Table 1. The information about the sub-process models mined from the sub-logs of LOA generated by two traditional trace clustering techniques.

The results illustrate that both trace clustering techniques will generate one or more sub-logs, for which the discovered sub-process models have low fitness. For example, the fitness of the model discovered from sub-log 4 as constructed by GED is only 0.5193, meaning that a large part of the behaviour of the sub-log cannot be replayed in the model. For the case of SCT, we observe that the model generated for sub-log 5 has a comparatively low fitness value of 0.7828.

The above results exemplify that conducting trace clustering independent of business process model discovery may yield sub-process models of low quality. In the remainder, we will therefore present a new clustering mechanism that helps to generate accurate and simple sub-process models.

3 Preliminaries

In this section, we introduce fundamental concepts and notations needed to define our approach to compound trace clustering.

Let I be a set of items (we will later consider activities as items), \(\mathcal {S}(I)\) be the set of all finite sequences over I. A sequence \(s \in \mathcal {S}(I)\) of length m is denoted \(\langle it_{1}, \, it_{2}, \, \ldots , \, it_{m} \rangle \), where each element \(it_{k}\) is an item from I. For two sequences \(X=\langle x_1, \, x_2, \, \ldots , \, x_l\rangle \) and \(Y=\langle y_1, \, y_2, \, \ldots , \, y_q \rangle \) from \(\mathcal {S}(I)\), of length l and q, respectively, X is a sub-sequence of Y, denoted as \(X \sqsubseteq Y\), if \(1 \le p_1< p_2< \cdots < p_l \le q\) such that \(x_1 = y_{p_1}, \, x_2 = y_{p_2}, \, \ldots , \, x_l = y_{p_l}\).

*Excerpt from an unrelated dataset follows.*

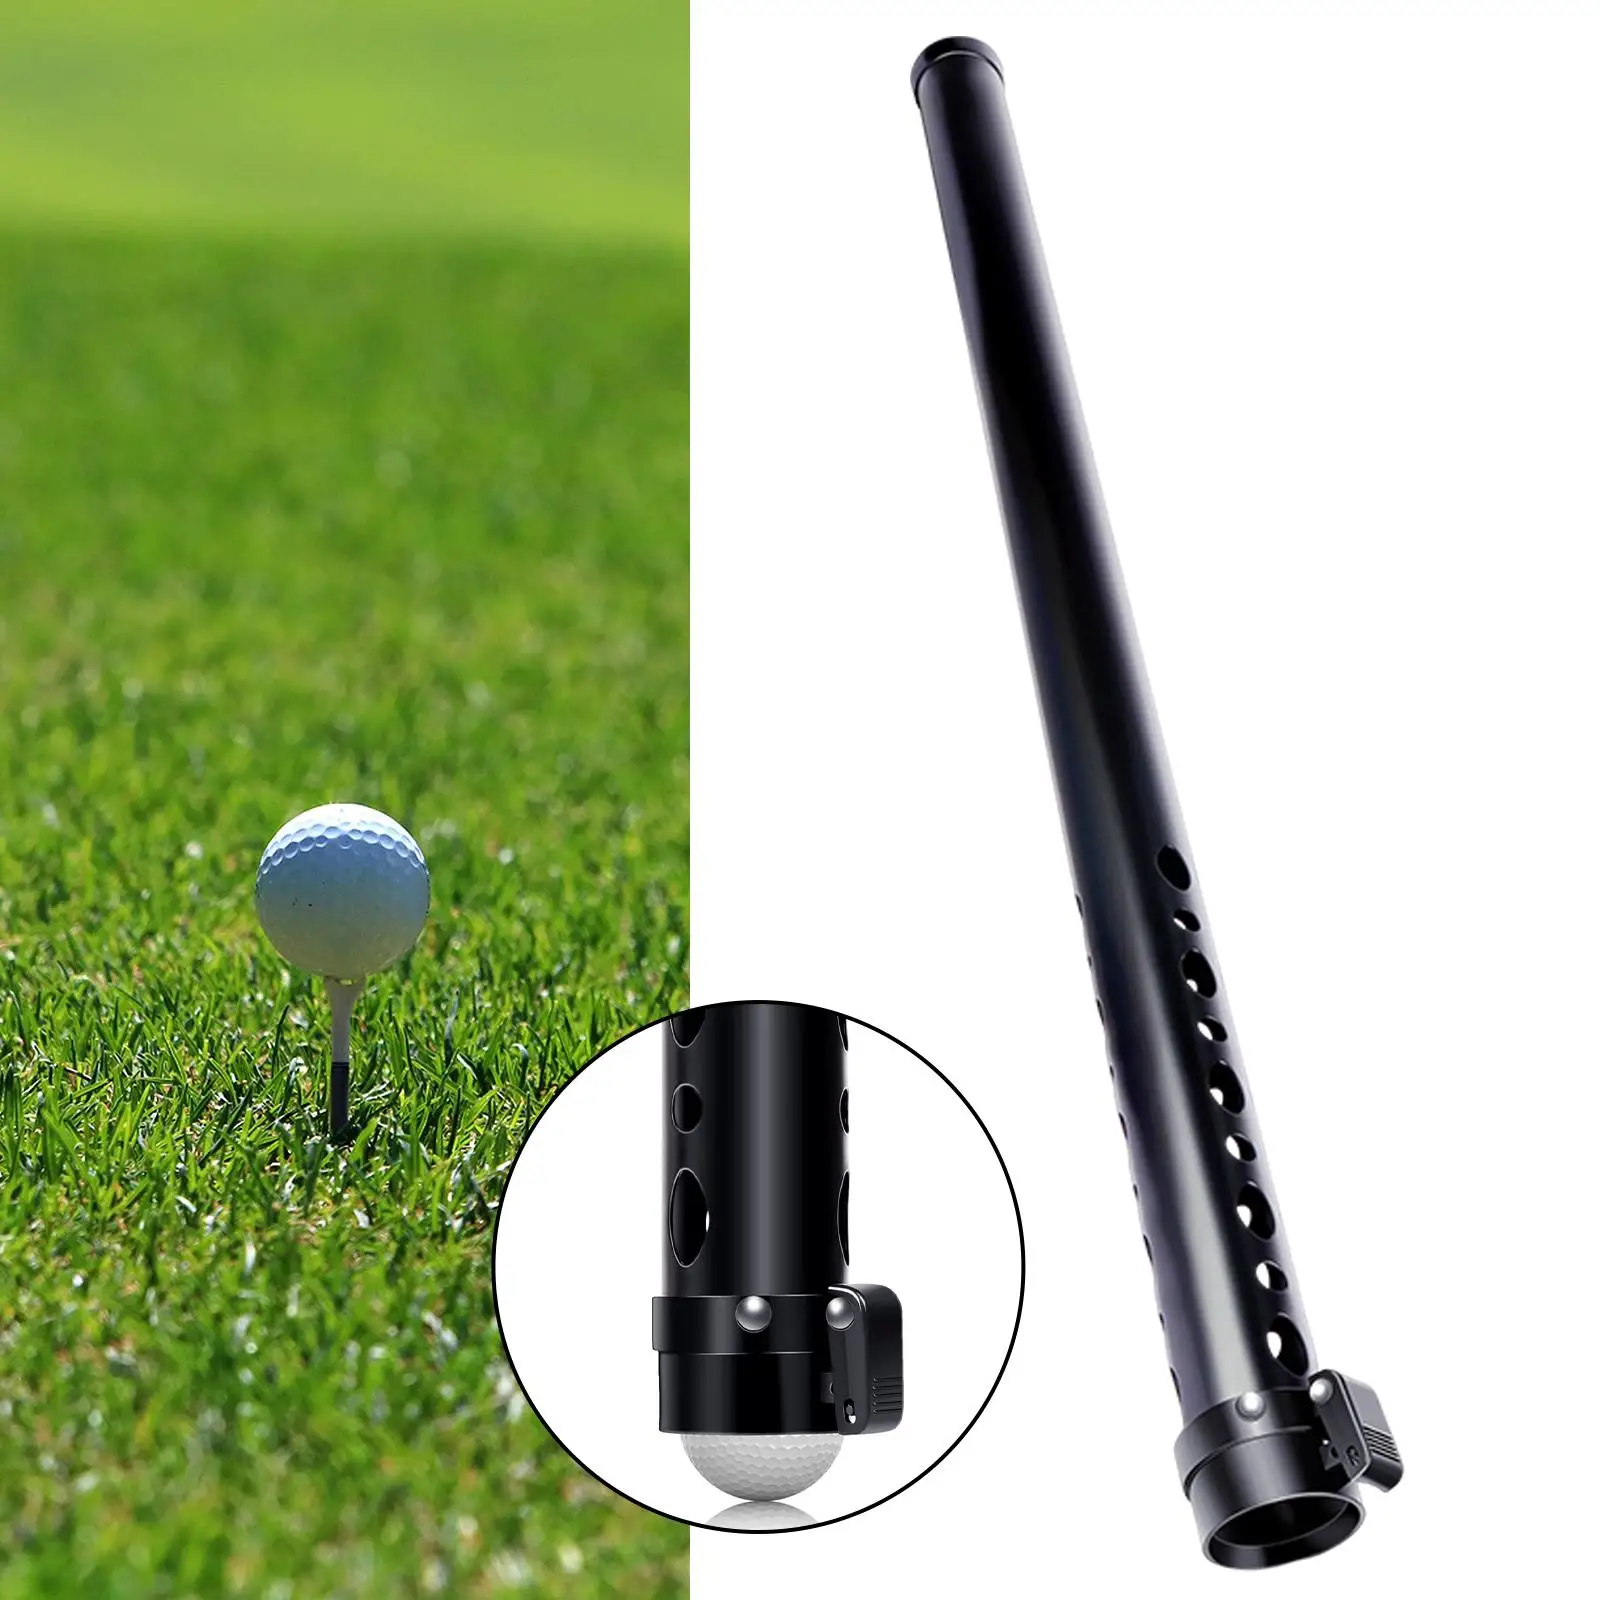 Professional Golf Ball Retriever Picker Shag Tube Golfer Gift Outdoor Grabber Holds 22 Balls Pick up Golf Practice Aid Equipment

We also need notions related to frequent sequences. Let DS be a set (or database) of sequences. By support(seq), we denote the number of sequences in DS that contain the sequence seq as a sub-sequence. Given a minimum support value \(min\_sup\), with \(0< min\_sup <1\), a sequence seq is called a sequential pattern (or a frequent sequence), if \(support(seq) \ge min\_sup \times |DS|\). The set of sequential patterns, SP, consists of all sub-sequences of DS, for which the support values are no less than \(min\_sup \times |DS|\). Acknowledging that SP contains partly redundant information in terms of sequential patterns that are contained in other patterns, we also define the set of closed sequential patterns as \(CSP=\{\alpha \in SP \mid \not \exists \ \beta \in SP: \alpha \sqsubseteq \beta \, \wedge \, support(\alpha )=support(\beta ) \}\). Many algorithms for the detection of sequential patterns have been proposed in the literature, see [15, 16]. For our purposes, it suffices to abstract from a specific algorithm for closed sequential pattern mining, which we assume to be given as , where \(DS^{+}\) is the universe of sequence databases, \(CSP^{+}\) is the universe of sets of closed sequential patterns, and \(min\_sup\) is a minimum support value.

Next, we turn to the notion of an event log, as recorded by information systems during the execution of a business process. Let A be the universe of activities of a business process. Then, an event e denotes the execution of an instance of a particular activity \(a \in A\). With E as the universe of such events, we define an event log as follows.

Definition 1

(Trace, Event Log). A trace \(t\in \mathcal {S}(E)\) is a sequence of events. An event log L is a non-empty multiset of traces.

For instance, \(L=\{\langle a,b,c,d\rangle ^{23},\langle a,c,b,d\rangle ^{16}\}\) denotes an event log built of 156 events that refer to four activities (a, b, c and d). The events are part of 39 traces, with the variant \(\langle a,b,c,d\rangle \) appearing 23 times, while the variant \(\langle a,c,b,d\rangle \) appears 16 times in L.

With \(L^{+}\) as the universe of event logs and \(M^{+}\) as the universe of process models, \(\varLambda : L^{+} \rightarrow M^{+}\) is a BPMD algorithm. To evaluate the result quality of BPMD, we further consider a process model complexity measure, \(\varSigma : M^{+} \rightarrow \mathbb {R}\).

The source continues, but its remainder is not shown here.